Через неделю работы на новой делянке отношения между блатным бригадиром и бригадой начали осложняться, и он решил укрепить дисциплину.
- «Политические» совсем разленились. – Блатарь сделал единственный вывод.
Бригадир, в сопровождении двух подручных, однажды подошёл к соседям, работавшим справа от Григория. Разговор ему слышен не был, но после краткого обмена несколькими фразами «блатной» наотмашь отхлестал обоих бывших интеллигентов по щекам, в то время как здоровые и сытые телохранители стояли по сторонам наготове.
- Если не выполните план, убью! – пригрозил потомственный урка и неторопливо направился в сторону Шелехова.
Мысли того работали лихорадочно и чётко. Как только бригадир подошел достаточно близко, он негромко сказал ему:
- Проходи! – Григорий слегка приподнял топор. - Проходи сразу дальше. Я ищо не совсем дошёл, силы хватит…
- Тю, сдурел!
- Ежли тронешь хучь пальцем, зарублю сзади. Не сегодня, так завтра.

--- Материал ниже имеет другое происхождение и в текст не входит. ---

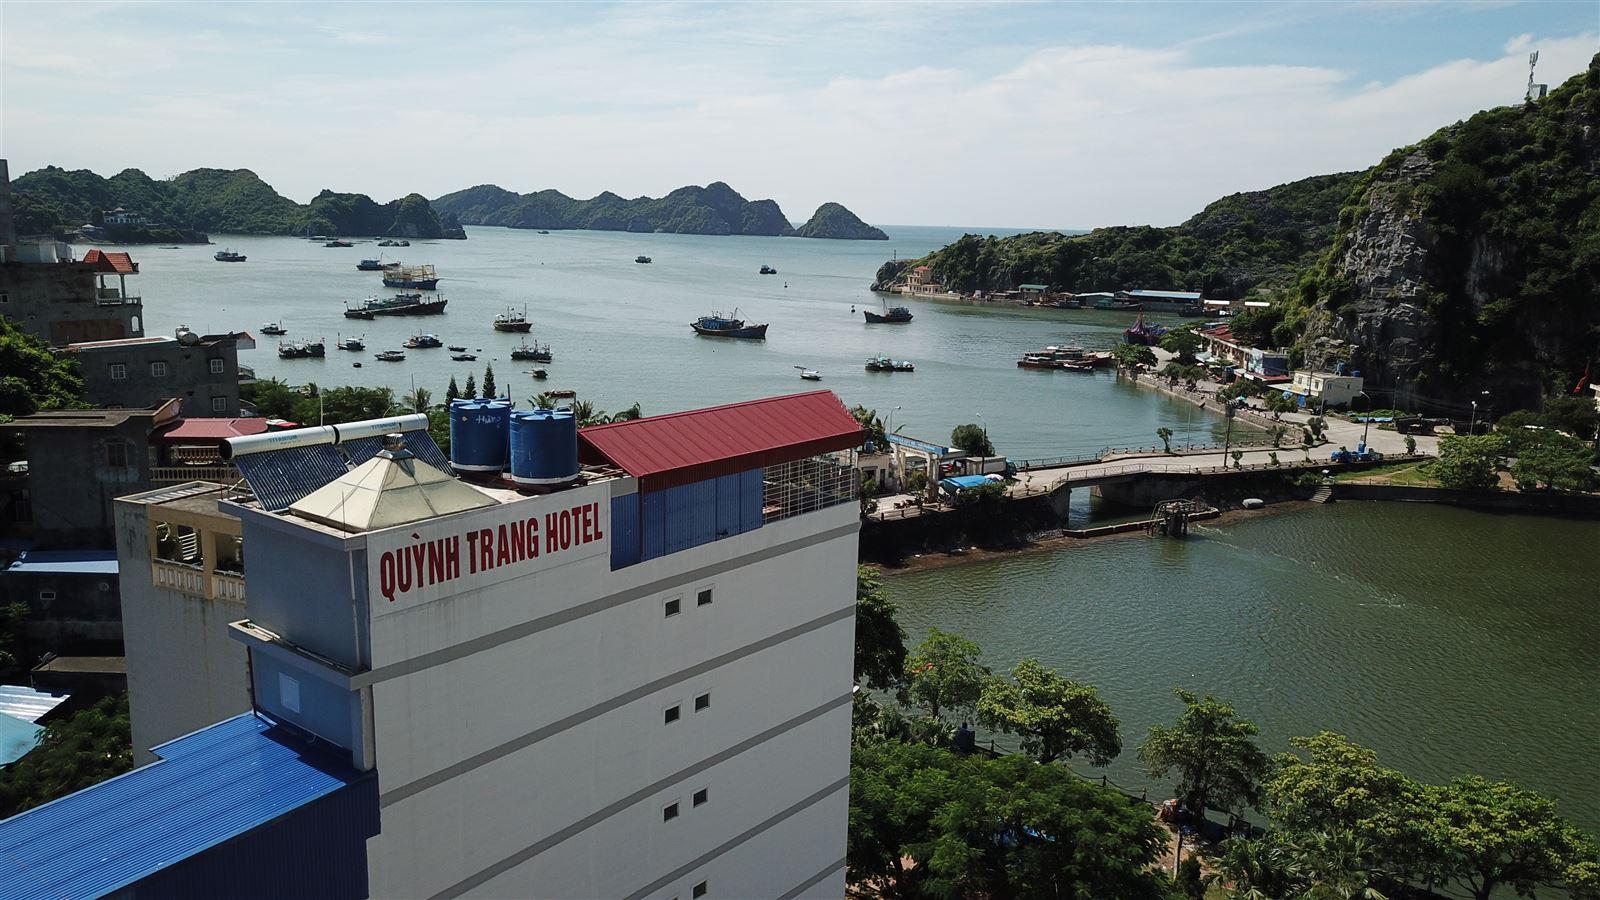 Khách sạn Quỳnh Trang

- Завтра ты не так запоёшь!
- Иди! Иди!
Бригадир посмотрел на него и понял, что точно зарубит. Наверное, потому, что Григорий был сам в этом вполне уверен. Ведь, всем известно, что за убийство лагерника, заключённым положена добавка к сроку всего два года. А что такое два года, если впереди девять? Поэтому пожилой рецидивист поверил подчинённому и предпочёл не рисковать, но сделал вид, что его тут нет. Просто прошёл дальше, бросив на ходу презрительное слово:
- Не дошёл, так доведём…
- Пошёл ты сам! – Григория била крупная дрожь. - Знаешь куда…
Так Григорий заработал свой первый карцер, опять же не последний.
Когда уставшая бригада на обратном пути подошла к проходной, ленивый охранник спросил у бригадира:
- Кого? – За нарушение трудовой дисциплины он мог наказать любого зэка.
- Шелехова. – Ответил злопамятный блатарь.
- Шелехов останься! – Скомандовал упитанный сержант. - Отправляешься в карцер.
Григория тут же доставили в «кондей». Это был небольшой бревенчатый домик, расположенный за зоной. Вместо потолка, хаотично набросанные круглые жерди, с просветами, крыши не было, только одни стропила. Печь не топилась, дубарь стоял неимоверный. В зависимости от тяжести проступка в карцер сажали с выводом на работу и без вывода. В качестве особого наказания раздевали до белья, в этом смысле Григорию повезло. Крики тех, кто сидел без вывода, да ещё раздетыми, когда зэки возвращались с работы, были слышны издалека:
- Что же вы делаете сукины дети? – Криком оказывается тоже можно согреться. - Будьте вы прокляты живодёры!
Глава 14
Пасмурным утром первого февраля 1938 года на «Ближней даче» в Кунцево, за скромно сервированным столиком, в глубоких креслах, сидели два человека средних лет. Один из них, невысокого роста плотный живчик, с маленькими, глубоко посаженными глазками громко рассмеялся шутке собеседника:
- Ой, не могу!
- Так и сказала: « Да у вас склероз!»
- Силён ты Николай Сидорович анекдоты рассказывать! – Искренне прохрипел он, смахивая невольную слезу. - Весёлый ты человек…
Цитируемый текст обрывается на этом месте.